НА БОЛЬШОМ ЭКРАНЕ
Я ВЫГЛЯЖУ ЛУЧШЕ :-)
Письмо четвертое «Время»
Это было, милый мой, совершенно особенное время. Переход 92-93. Мы с тобой познакомились позже, в девяносто четвертом. Тогда самое страшное было уже позади.
Месяц уже доходил, как Инга устроилась в клуб. Она работала, как проклятая, недосыпала, но все еще держалась на каком-то странном заводе. Ей постоянно хотелось есть. Иногда она ухитрялась доедать что-то с тарелок. Сначала ей было брезгливо, а потом стало все равно. Только надо было уследить, чтобы зав.кухней не застал ее за этим. Он забирал все объедки собакам, разводил, кажется, каких-то толстомордых злых псов. Но Инга научилась ловко прятать шницель или кусок ветчины в передник, а потом шла в туалет и быстро проглатывала его там.
Как-то раз она зашла в туалет с каким-то объедком в кармане, но застыла в оцепенении. Две стриптизерки раскладывали на раковине мокрые долларовые бумажки. Инга не сразу поняла, что происходит, пока не увидела, что одна из них вынимает свернутые в трубочку банкноты из своей задницы.
-
Смотри-ка, - говорит она, - десятка.
-
Подумаешь, я тут сотню как-то отмывала, - отвечает ей другая. - В прошлом месяце. Это в кино за резиночку засовывают, а в жизни у нас чего только не бывает.
-
Это точно. Я на тебя удивляюсь, как уходишь от них. Меня всю дорогу норовят задержать, как медом им намазана.
-
А ты не смотри на них. Делай, что делаешь, а в глаза не смотри. Прикинь, что будет сподручней, чтобы на уровне лица: лампу, картинку на стене - и гляди на нее. Половина отстанет… Они ведь тоже люди – на взгляд заводятся больше, чем на сиськи твои голые…

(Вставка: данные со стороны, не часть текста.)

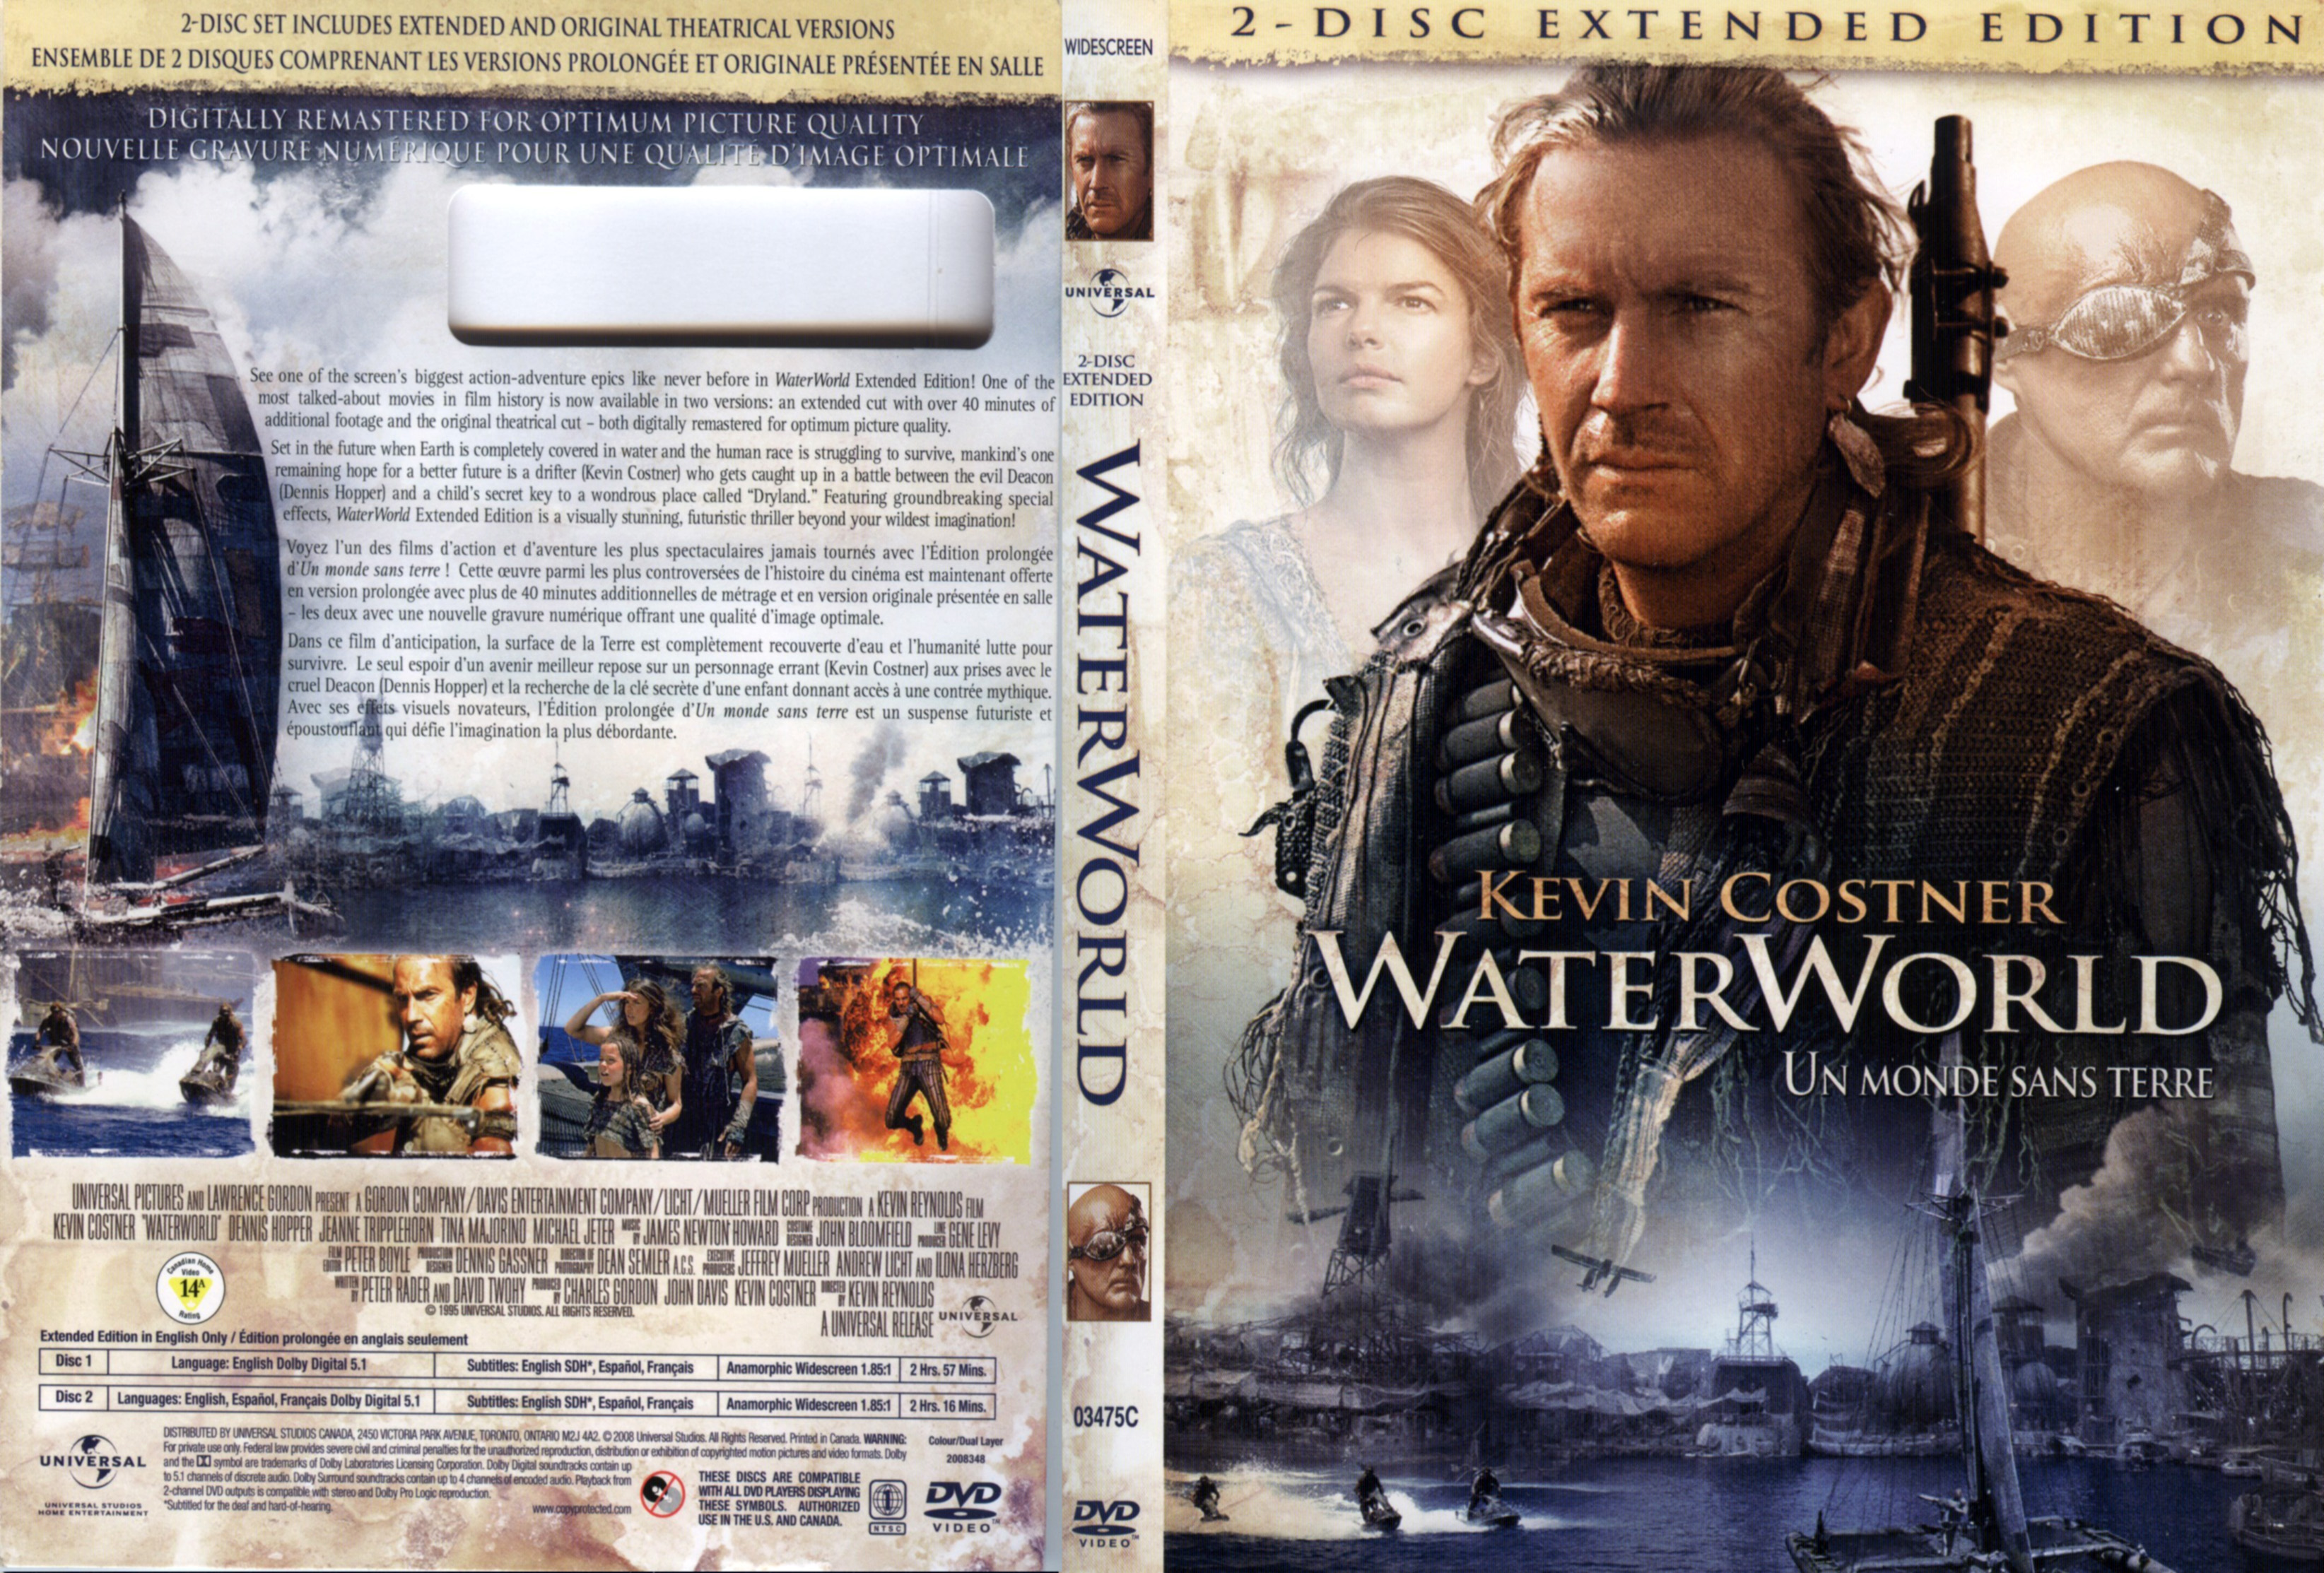 Jaquette DVD Waterworld v3

Они так непринужденно беседуют, спокойно разбираясь с этими зловонными бумажками, а Инга зашла в кабинку, вывернула все из фартука в унитаз и еще вырвала. Ее сознание зашкалило, оно уже не могло полностью вместить происходящего. Что оставалось? Инстинкты.
В клубе было несколько охранников - здоровенные такие отморозки. Они следили, чтобы клиенты честно расплачивались с девушками и, ни дай Бог, не начали убивать друг друга прямо в заведении. Хозяйка иногда заводила к себе то одного, то другого, и тот, что был в фаворе, мог воротить почти все, что хотел. Один из них, помоложе и посмазливей – Стас, часто оказывался наверху. Он был самым наглым.

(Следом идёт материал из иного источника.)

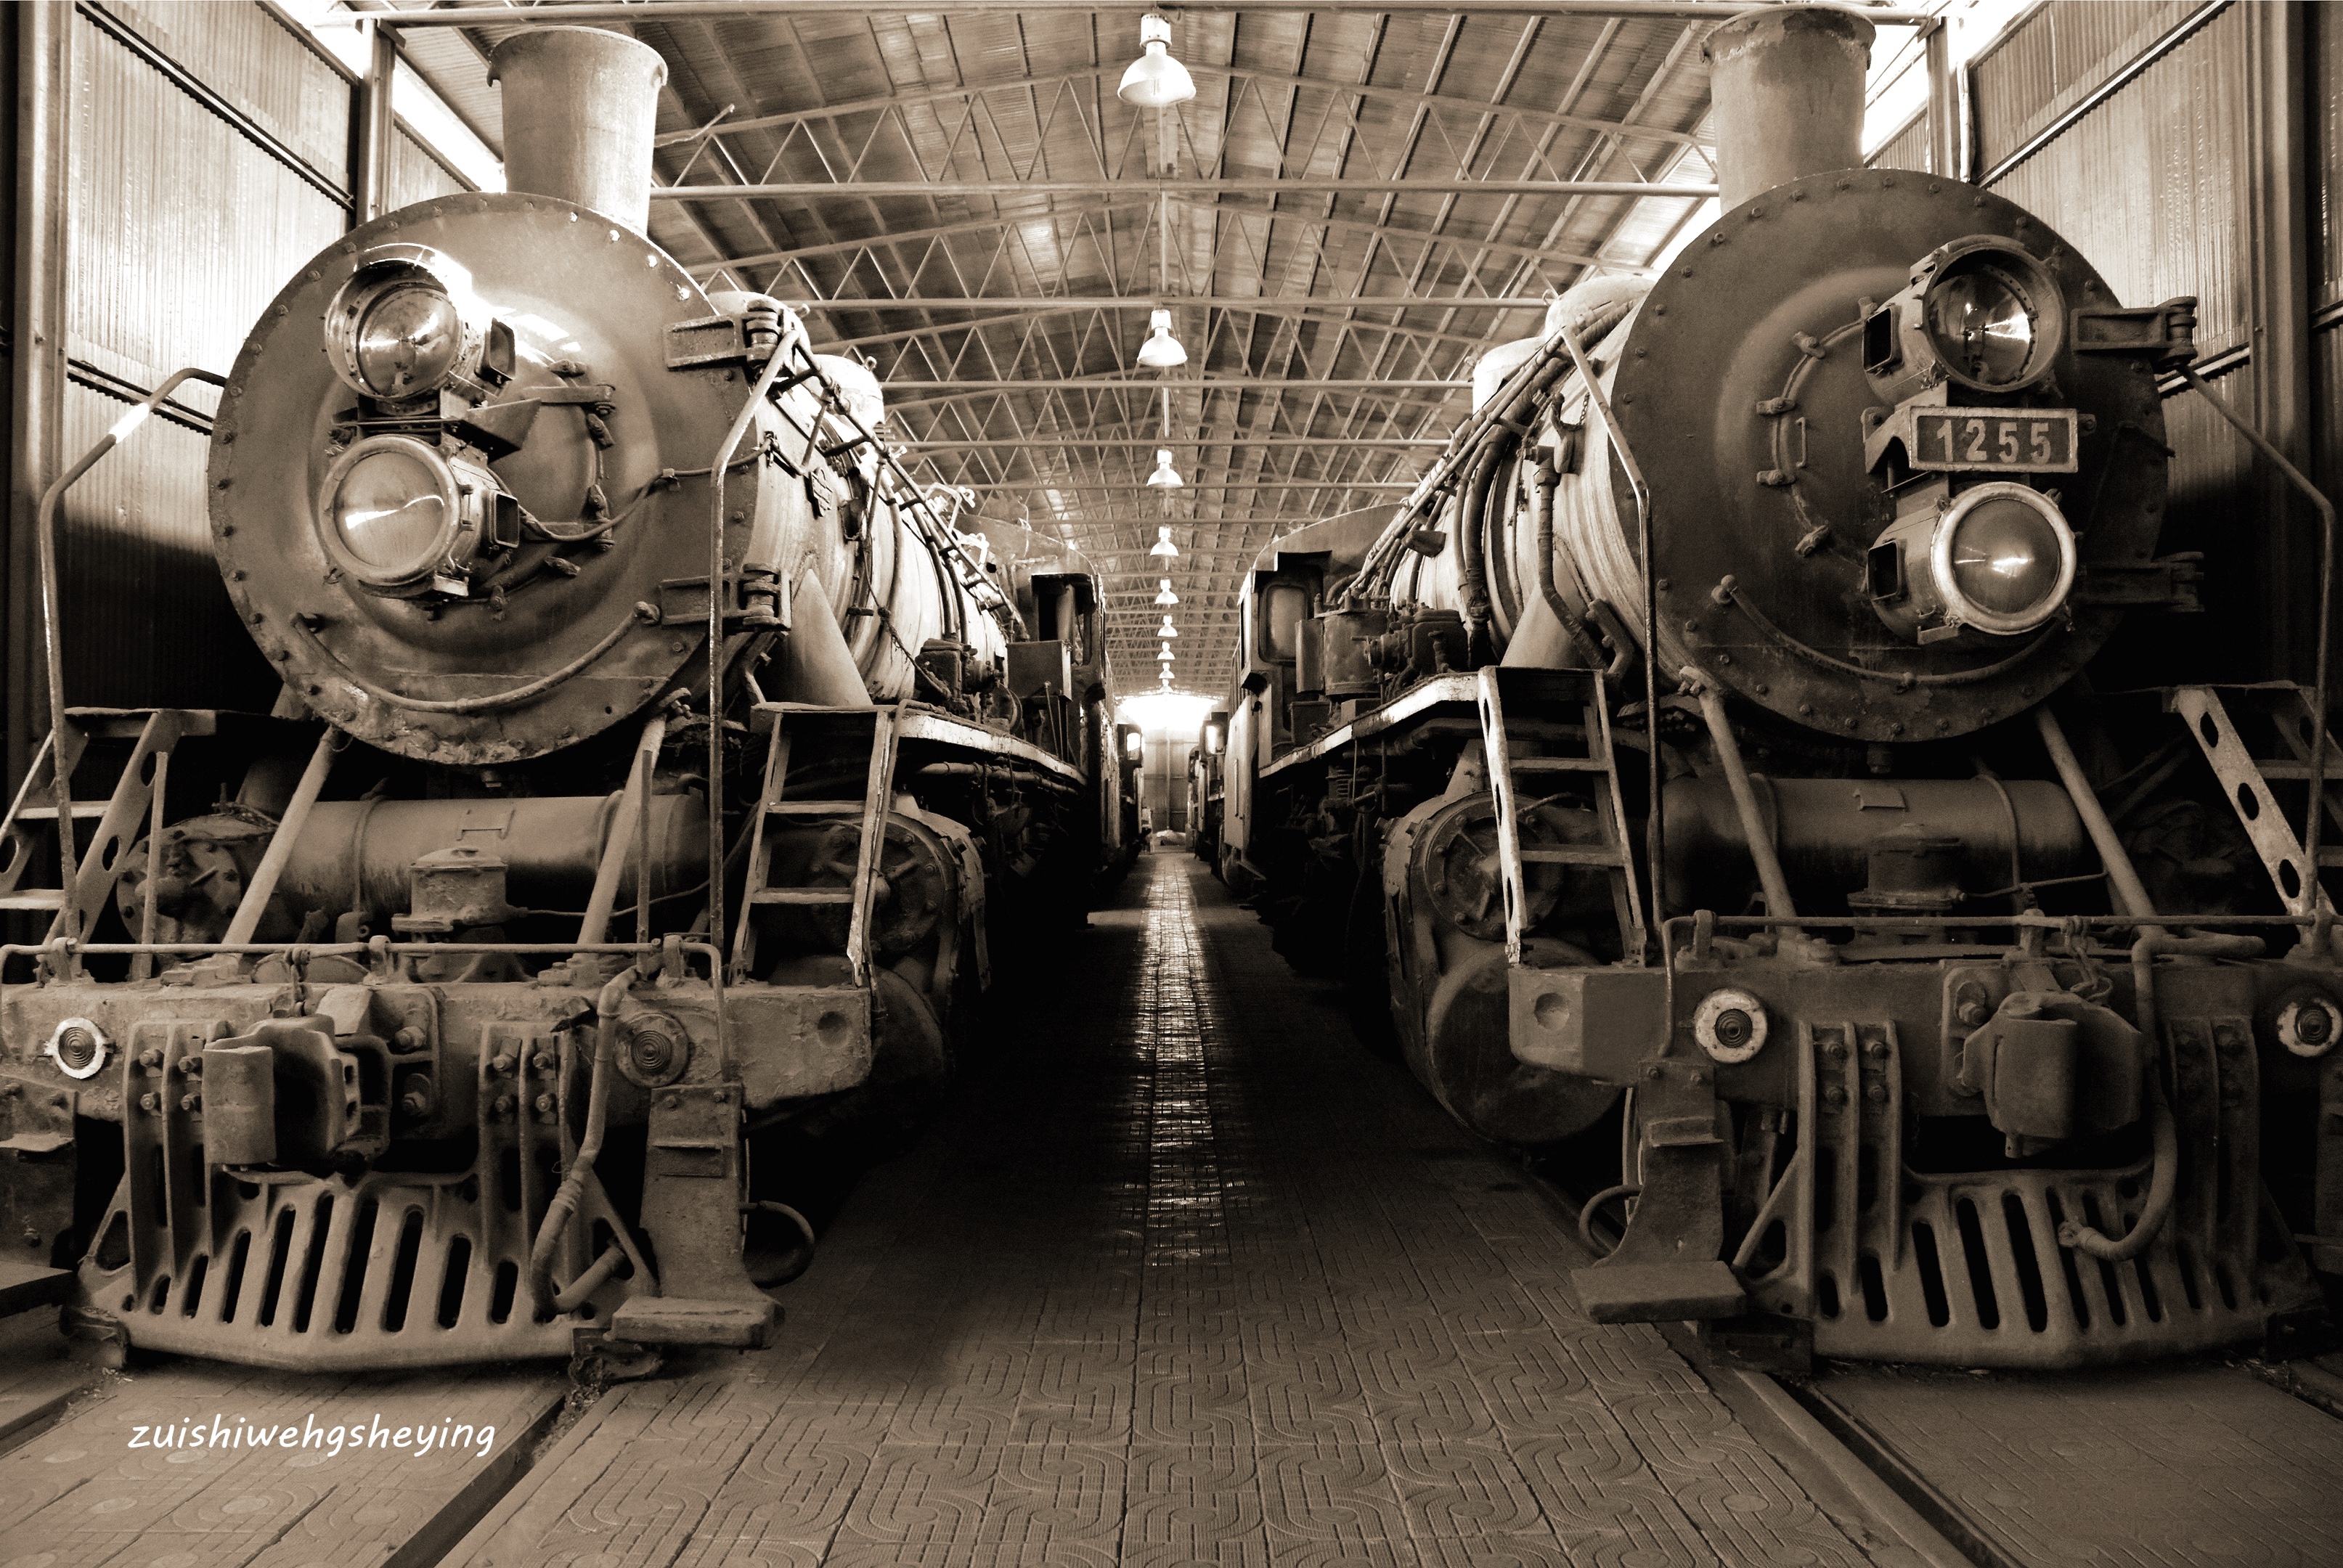 设计制造了世界第一台具有实用价值的5吨重的"火箭"号蒸汽机车,并于

Похоже, Петров, когда устраивал Ингу, строго приказал в дела ее не путать, мол, пусть моет и гроши свои получает, но Стасу это не пришлось по душе - он на девочку положил глаз сразу. Когда случалось ей пройти мимо, он заигрывал с нею, пытался завязать разговор, а то и зацепить своей ручищей. Она же старалась не попадаться ему на глаза, проскакивать незаметно и, преимущественно, черным ходом. Она не давала ему никакого шанса. А он чувствовал, что она боится его, и от этого еще больше разгорался. Но и он боялся, что девочка пожалуется хозяйке, а та, с одной стороны зависимая от Петрова, а с другой - считавшая всех охранников своею собачей свадьбою, разозлится и выгонит его. Он тоже старался быть осторожным и не наступал при свидетелях.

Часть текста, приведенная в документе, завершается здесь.